• YOUR OBJECTIVE
The data is to be repeated exactly, with the images removed.

• SOURCE MATERIAL
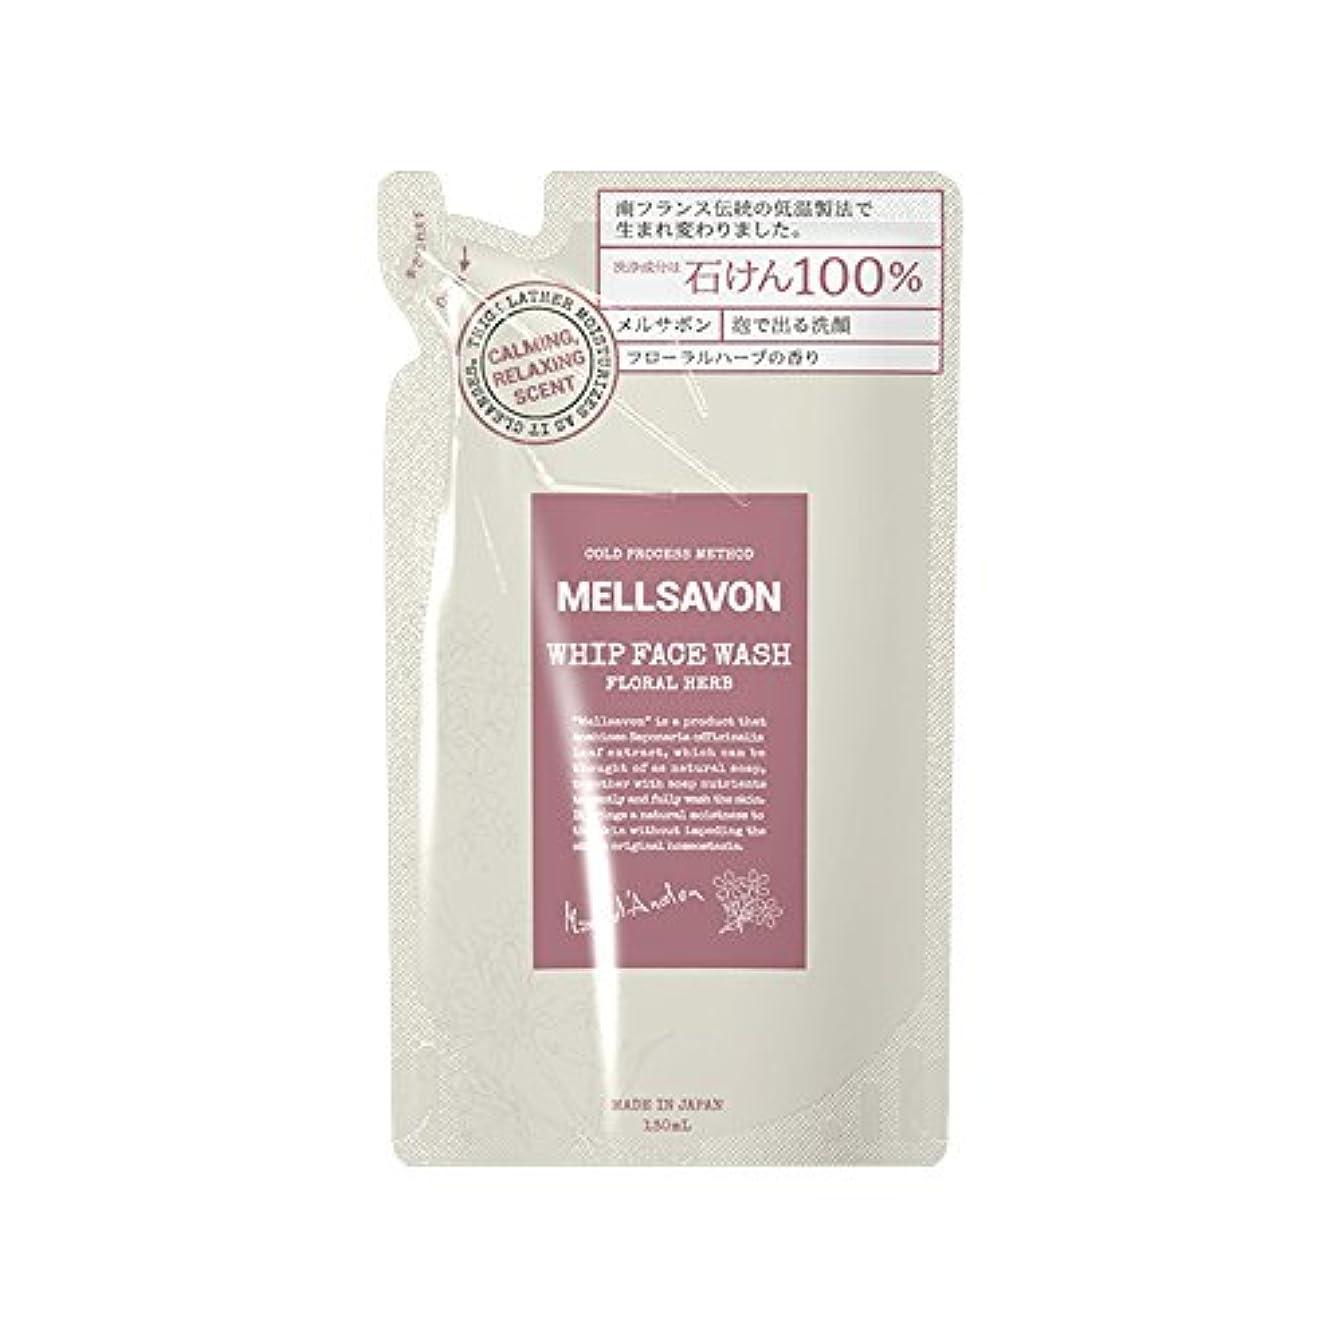 アセ起こる思春期のMellsavon(メルサボン) メルサボン ホイップフェイスウォッシュ フローラルハーブ 詰替 130mL 洗顔
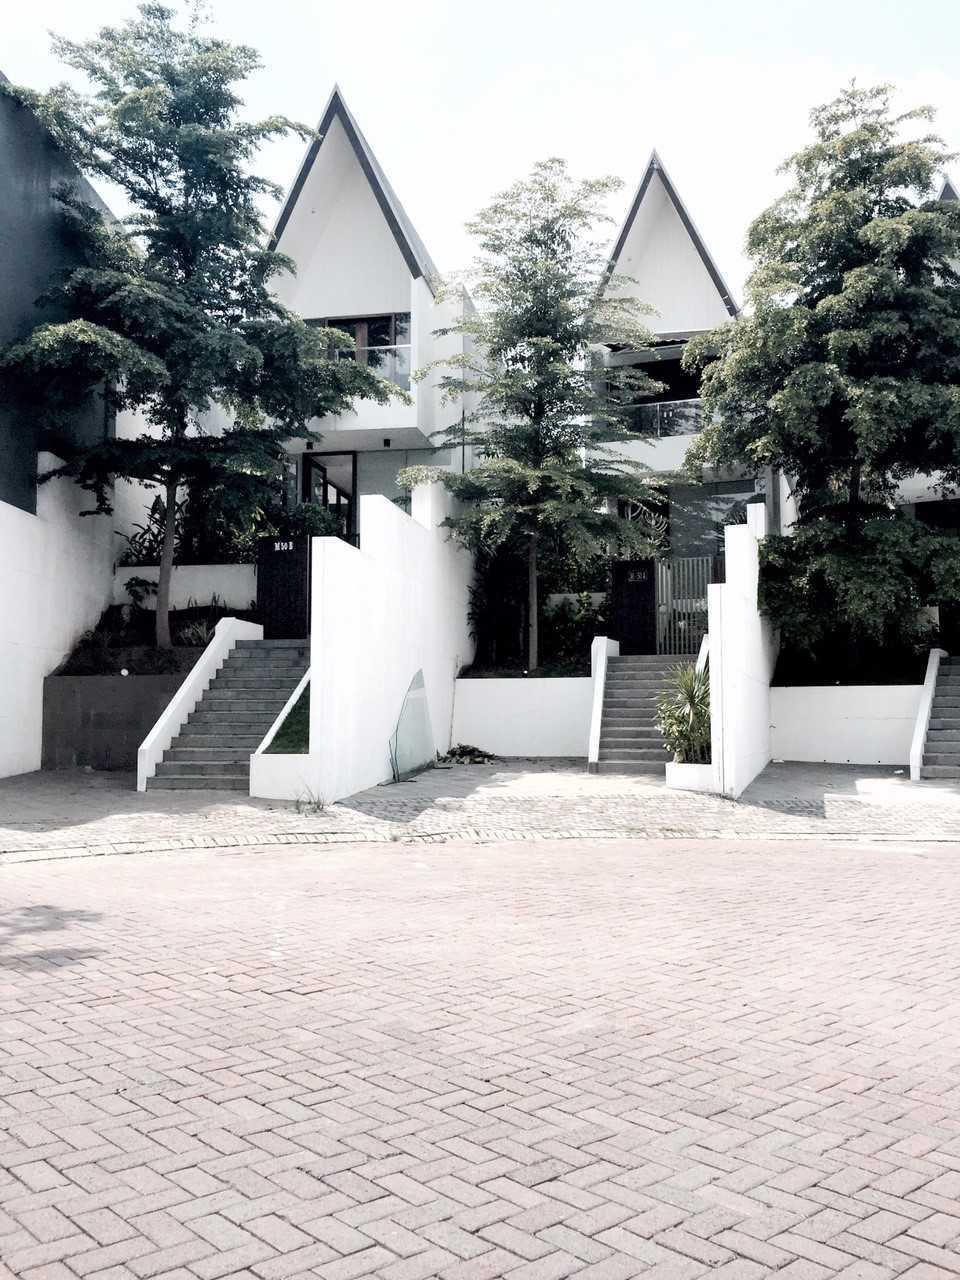 Foto inspirasi ide desain perpustakaan kontemporer Photo-29773 oleh KOMA di Arsitag
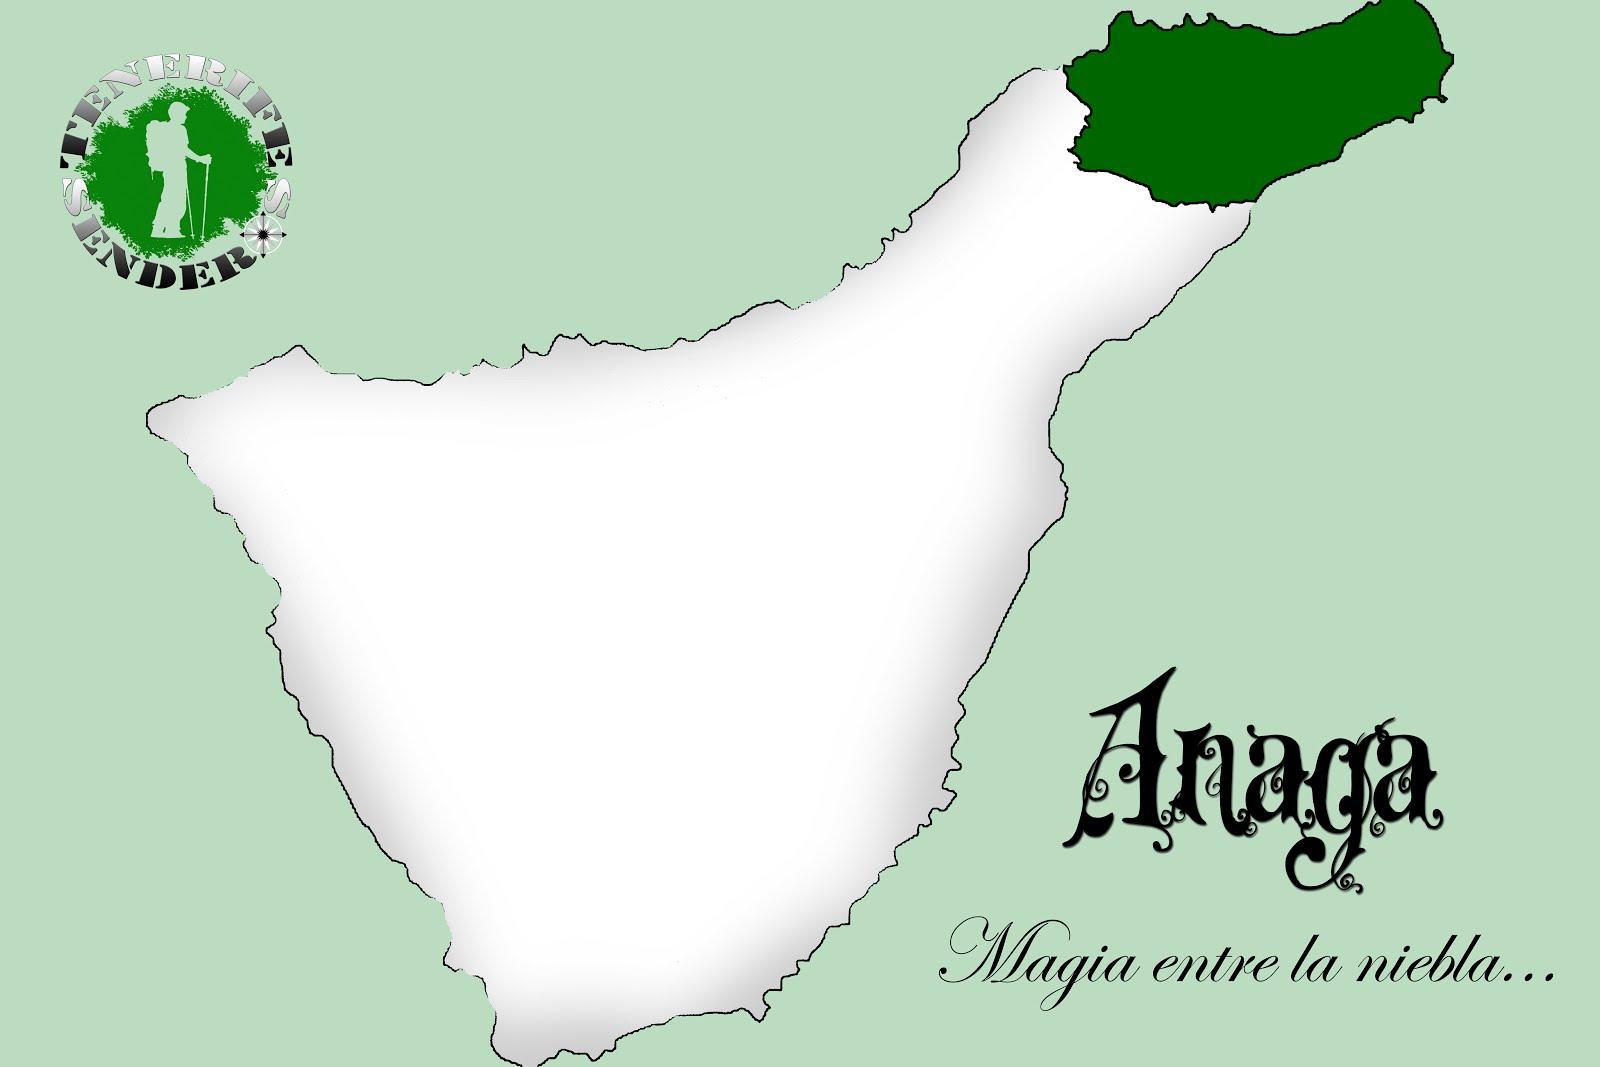 Anaga

• RESPONSE
 アセ起こる思春期のMellsavon(メルサボン) メルサボン ホイップフェイスウォッシュ フローラルハーブ 詰替 130mL 洗顔
 Foto inspirasi ide desain perpustakaan kontemporer Photo-29773 oleh KOMA di Arsitag
 Anaga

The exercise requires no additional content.